Ursula Jeans


Ursula Jeans was an English film, stage, and television actress.

Biography

Ursula Jeans was born in Simla, British India, to English parents, and brought up and educated in London. She was the youngest of three siblings. Her brother Desmond Jeans was a boxer and actor, and her elder sister, Isabel, was also an actress. In 1931 she appeared in Edward Knoblock's Grand Hotel at the Adelphi Theatre.
Ursula Jeans made her stage debut in London in 1922, before joining the cast of the London production of The Play's the Thing, an adaptation of Ferenc Molnár's play, The Play at the Castle by P. G. Wodehouse.
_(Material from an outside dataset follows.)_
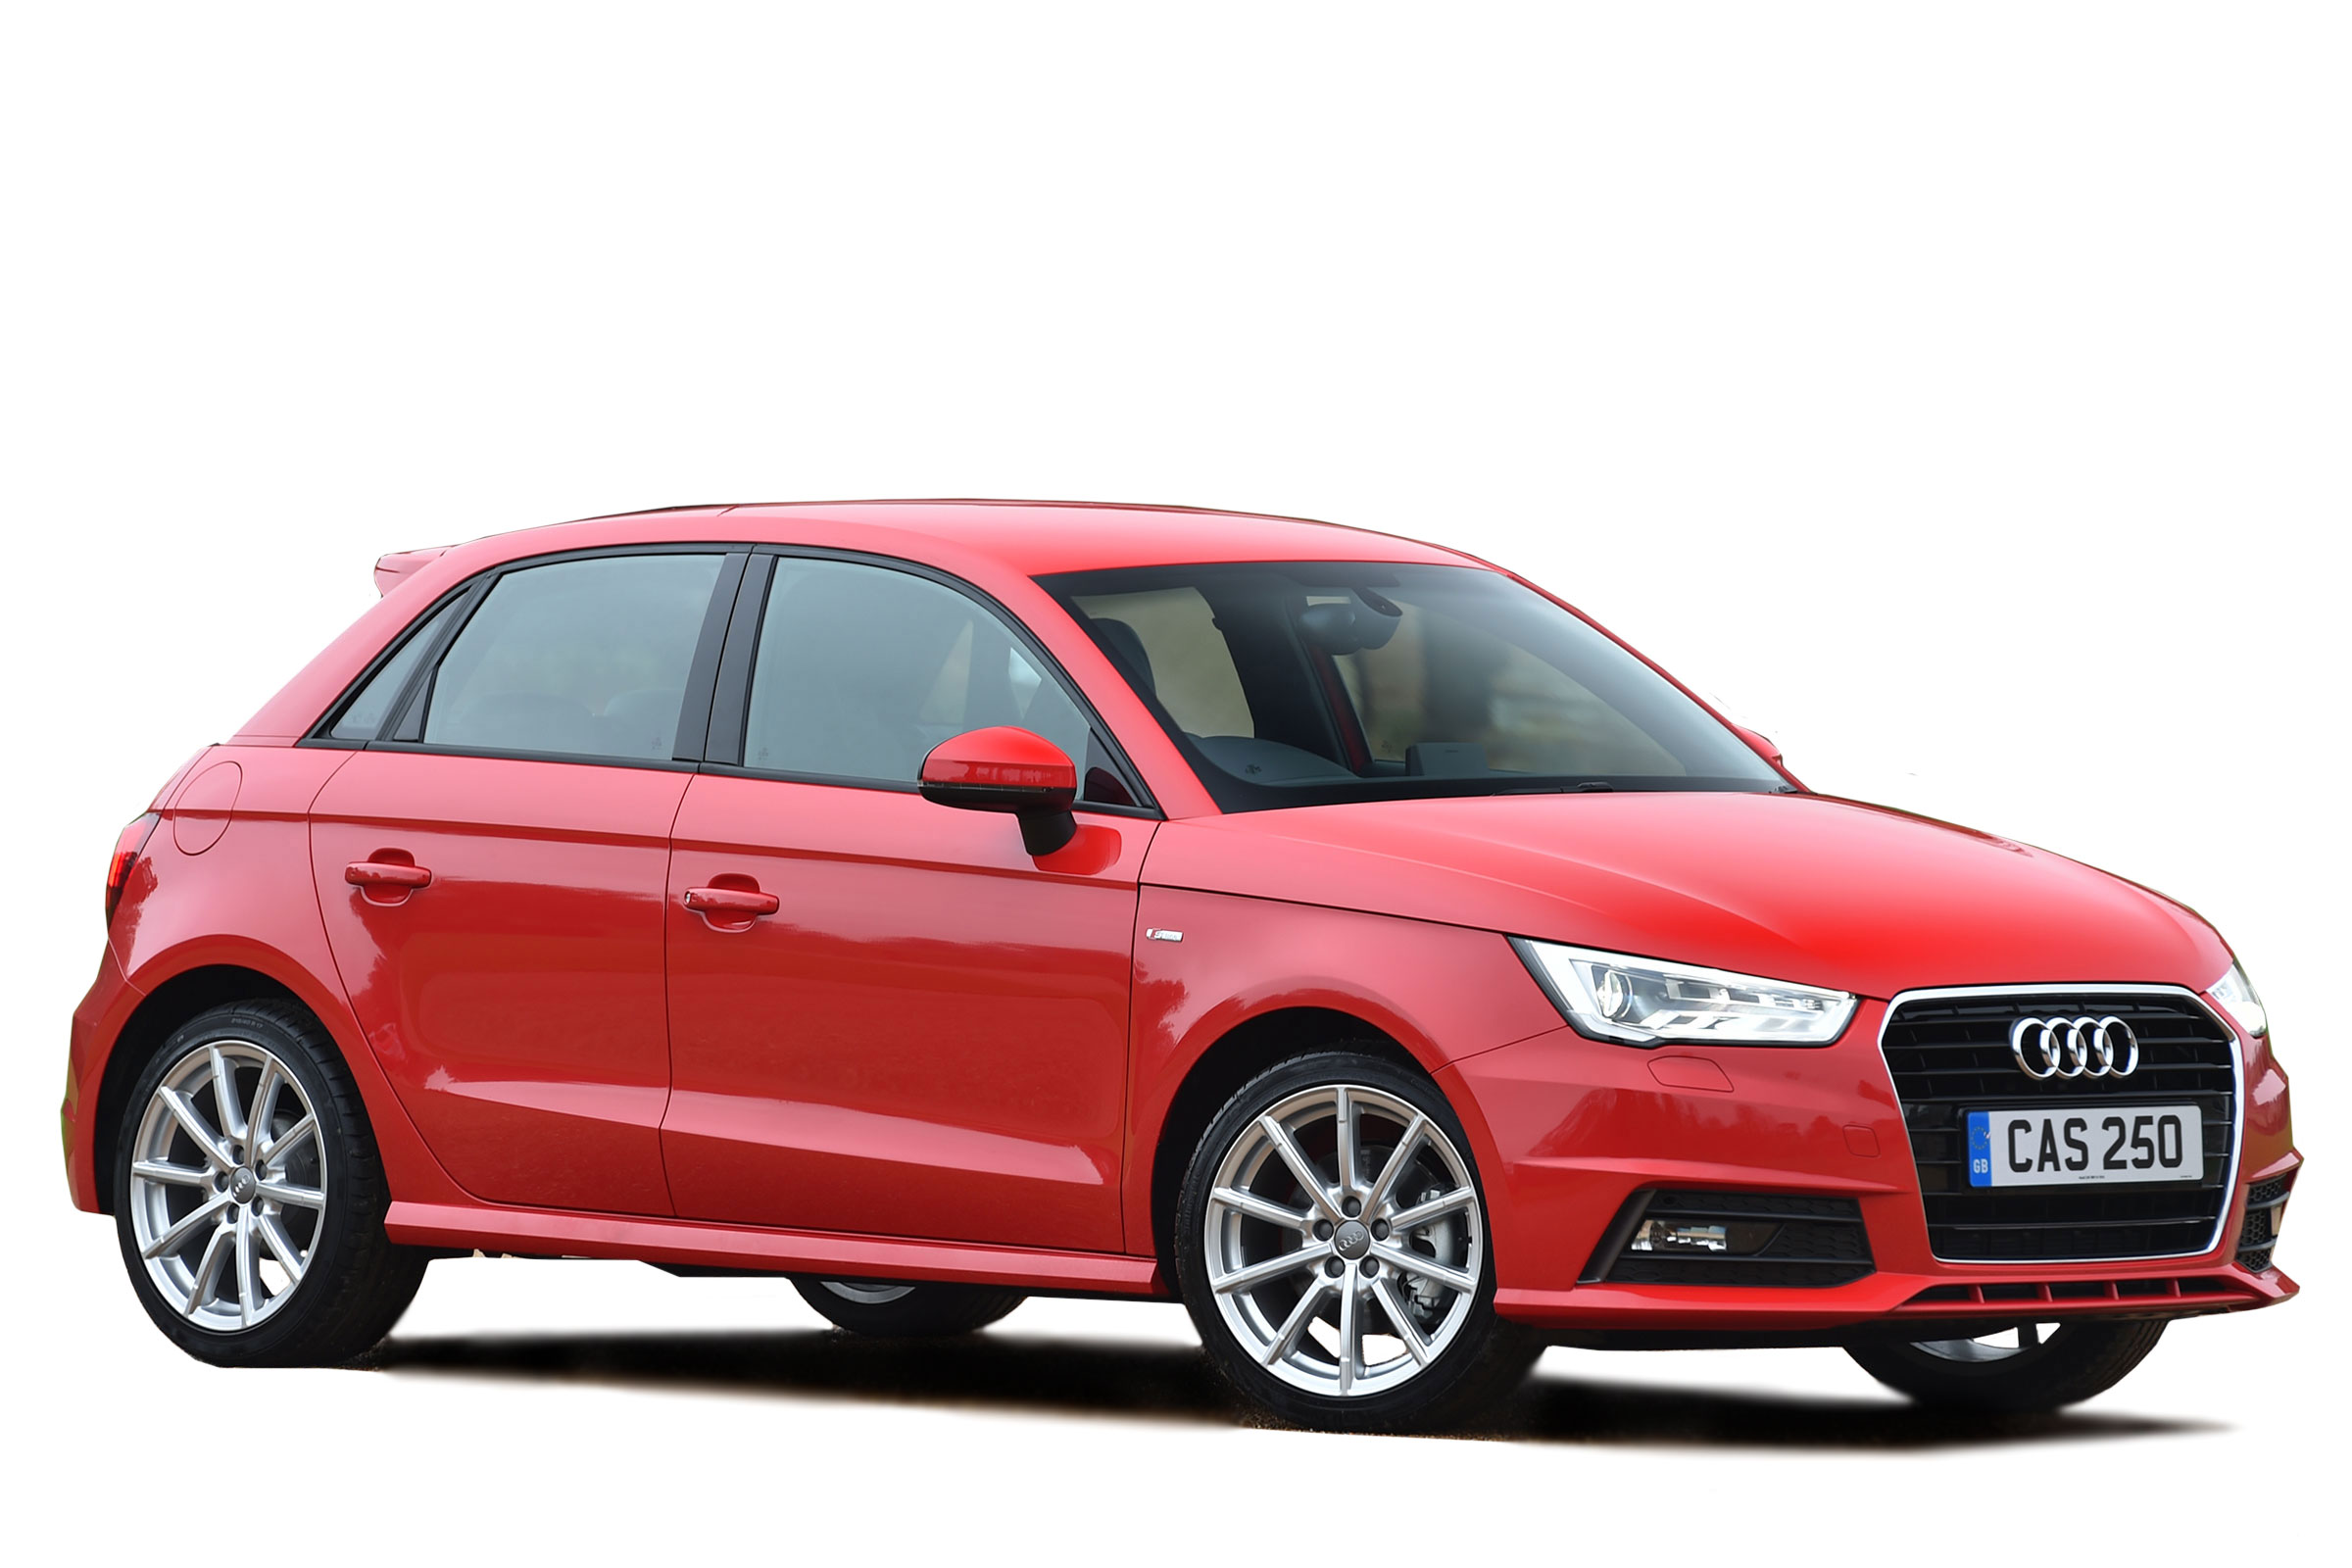 Nice wallpapers Audi A1 2400x1600px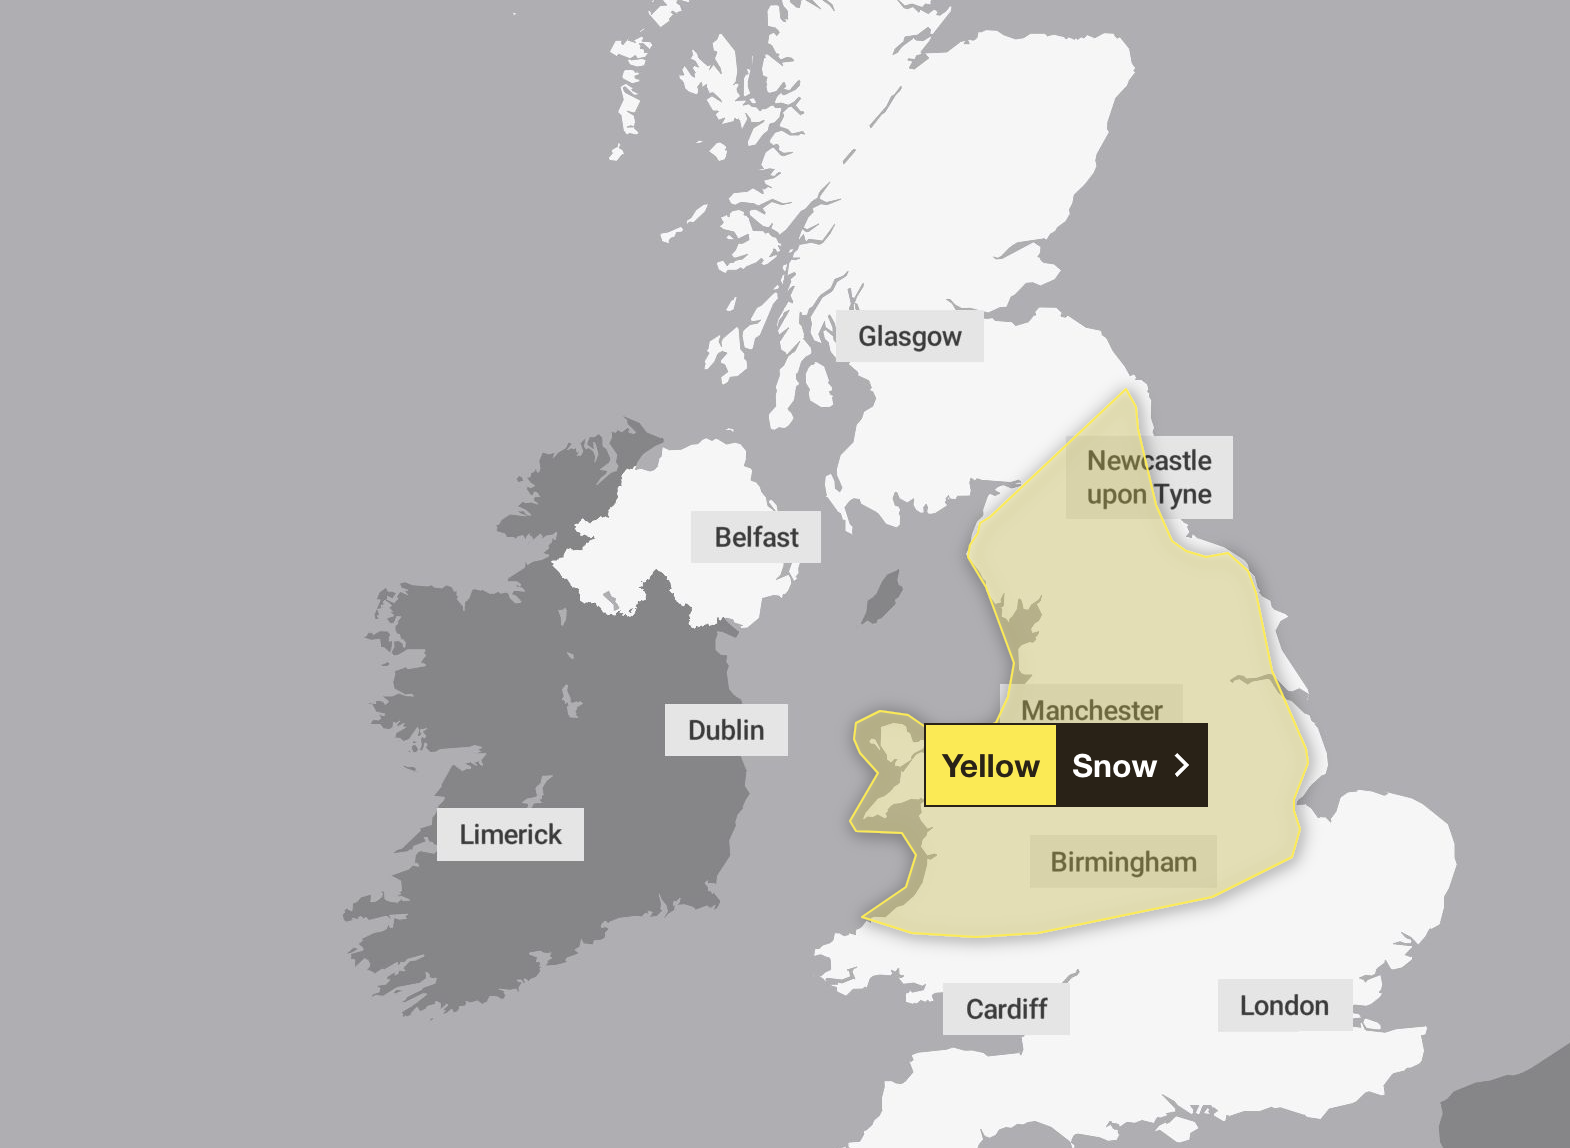 Met Office warns of snowfall in many regions of the UK: Which ones will be affected

The cast included Gerald du Maurier, Ralph Nairn, Henry Daniell, and Henry Forbes-Robertson.
She made her stage debut in New York in 1933. Her first marriage was to actor Robin Irvine. Her second marriage was to actor Roger Livesey from 1937 until her death. She appeared in one film with Livesey, The Life and Death of Colonel Blimp. She entertained troops with ENSA during World War II, sometimes working with her husband. After the war, she continued acting, including a stage tour of Australia and New Zealand in 1956–1958.

Last years and death

She continued to act into the 1970s and died of cancer in 1973, aged 66, some 18 months after her diagnosis. She shares a memorial plaque with her second husband, Roger Livesey, in the actors' church St Paul's, Covent Garden.